Adult children often have difficulty discussing financial matters with an aging loved one. In many families, finances just aren’t discussed. Now, as a senior loved one grows older, those conversations are more and more important ones to have. Do you know if they have a will or durable power of attorney and where you might find those documents? In the event of a crisis, would you know what bills your parent has that might need to be paid? Many times an elder crisis is caused by a gradual decline that you see coming, but often times there is no warning. A slip on an icy Michigan sidewalk can send an aging loved one to the hospital and then to rehab. Would you be able to locate the financial and medical documents you need to help them?

To make it easier to get started, we have pulled together a list of basic questions to ask your senior loved one before a crisis occurs.

Important Documents and Medical Cards

  • Where is their Medicare card?
  • Do they still have traditional Medicare or have they gone with a Medicare replacement product? If they have, what is the company name and where is the card?
  • Do they have any type of secondary insurance? If so, what company is it with and where is that card?
  • What is their social security number and where do they keep their card? (This is a good time to remind them that this should be stored in a safe place to avoid identify theft and not kept in a wallet or purse)
  • Do they have a will? Who is the executor? Is there an attorney involved?
  • Where is their original birth certificate?
  • Do they have any life insurance and/or long-term care policies?
  • Do they have a Power of Attorney (POA) and/ Do Not Resuscitate (DNR)? Who have they named to represent their wishes? Where are these documents? (In the event of a crisis, it is important to have copies on hand and not have to wait for a bank to re-open on Monday should a crisis occur on a weekend.)

Managing Finances

  • What banks do they use and what are their bank account numbers and passwords? Do they use online accounts?
  • Are you or another loved one on the account with them? In the event of an emergency that would require you or another adult child to pay their bills for them would you have authority to do so?
  • Do they have a safe deposit box? If so, where is it and where are the keys?
  • What bills do they have and when do they pay them?

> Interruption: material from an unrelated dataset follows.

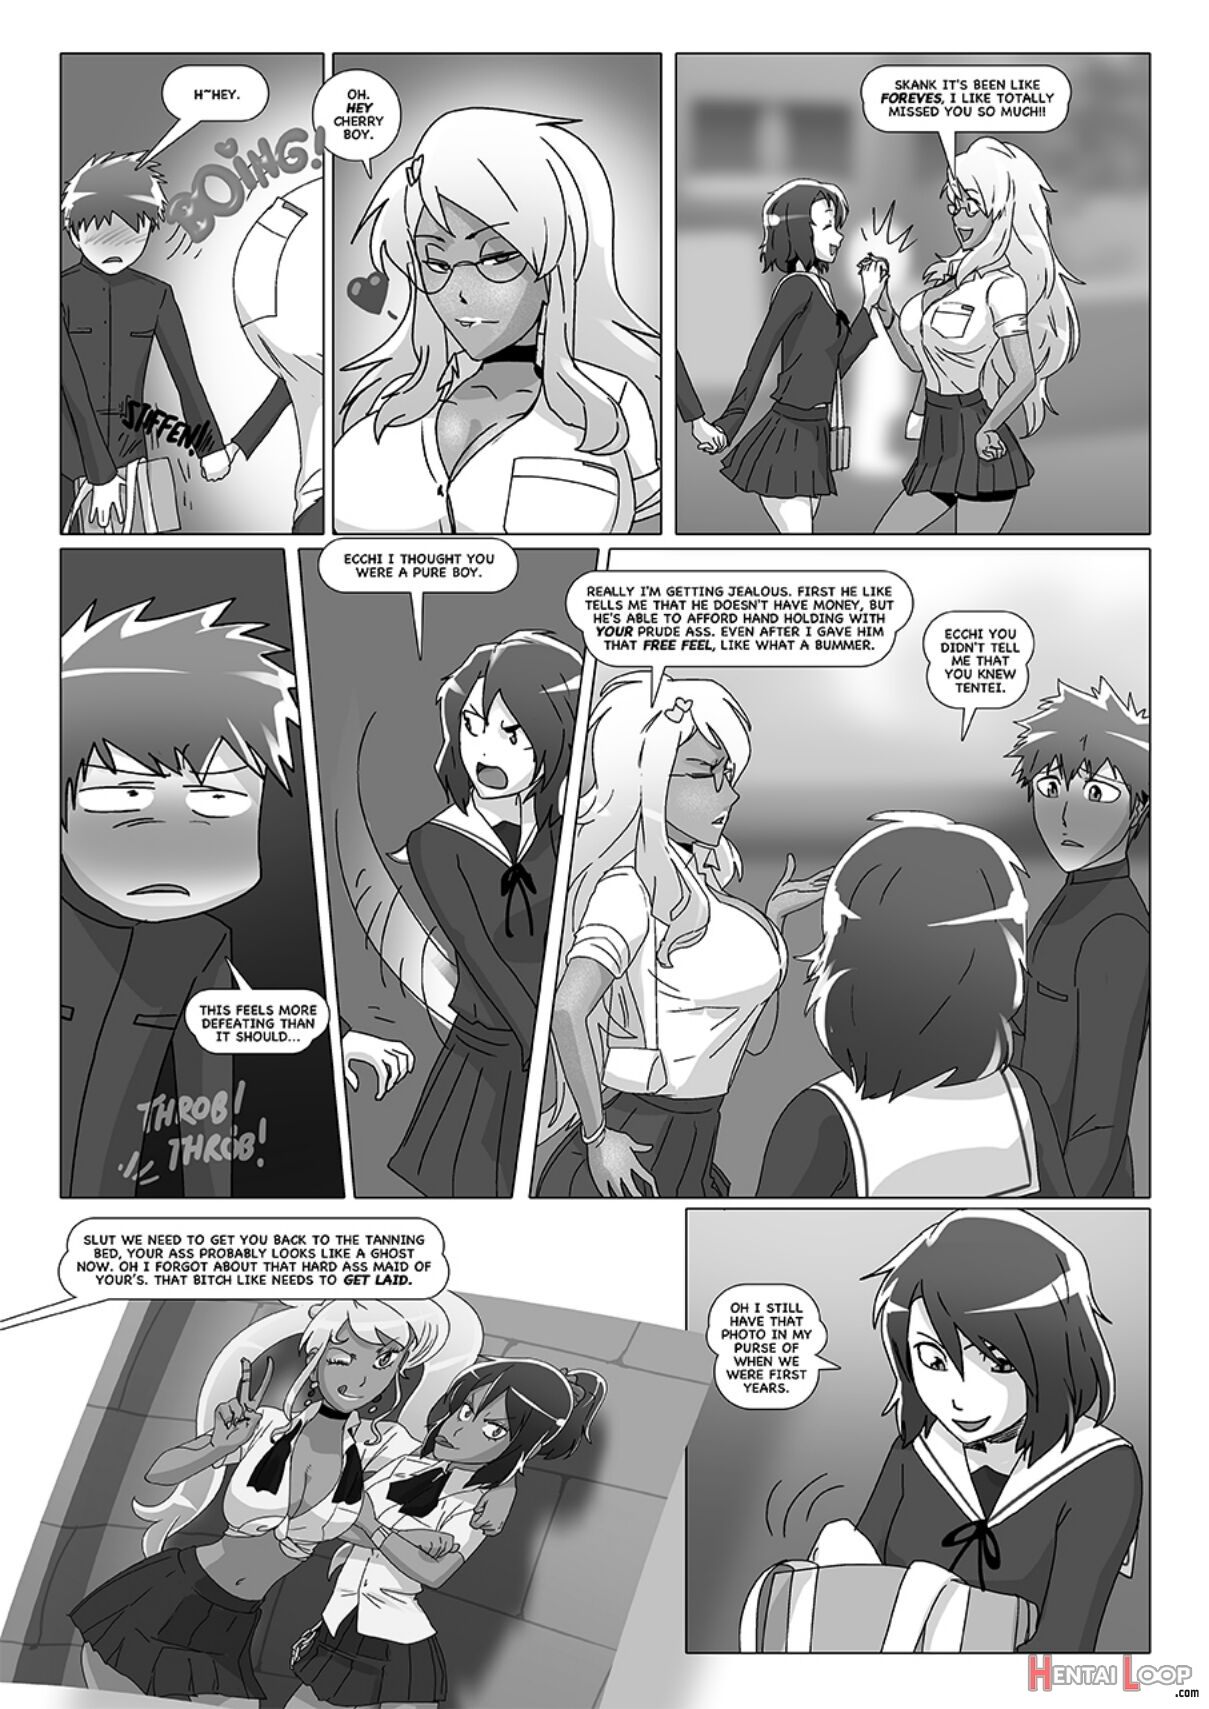 Happy To Serve You - Xxx Version page 413

  • Where is their mortgage information or deed to their house? What home owners insurance do they have?
  • If they are still driving, is their car paid for in full? Where is the title to the vehicle? Who is it insured through?
  • Do they have a list of their stocks, bonds, and other accounts?

Just the thought of asking your senior loved one these questions might make you squirm. But the consequences of not knowing the answers may put your loved one at risk of not getting the help they need and want in a crisis.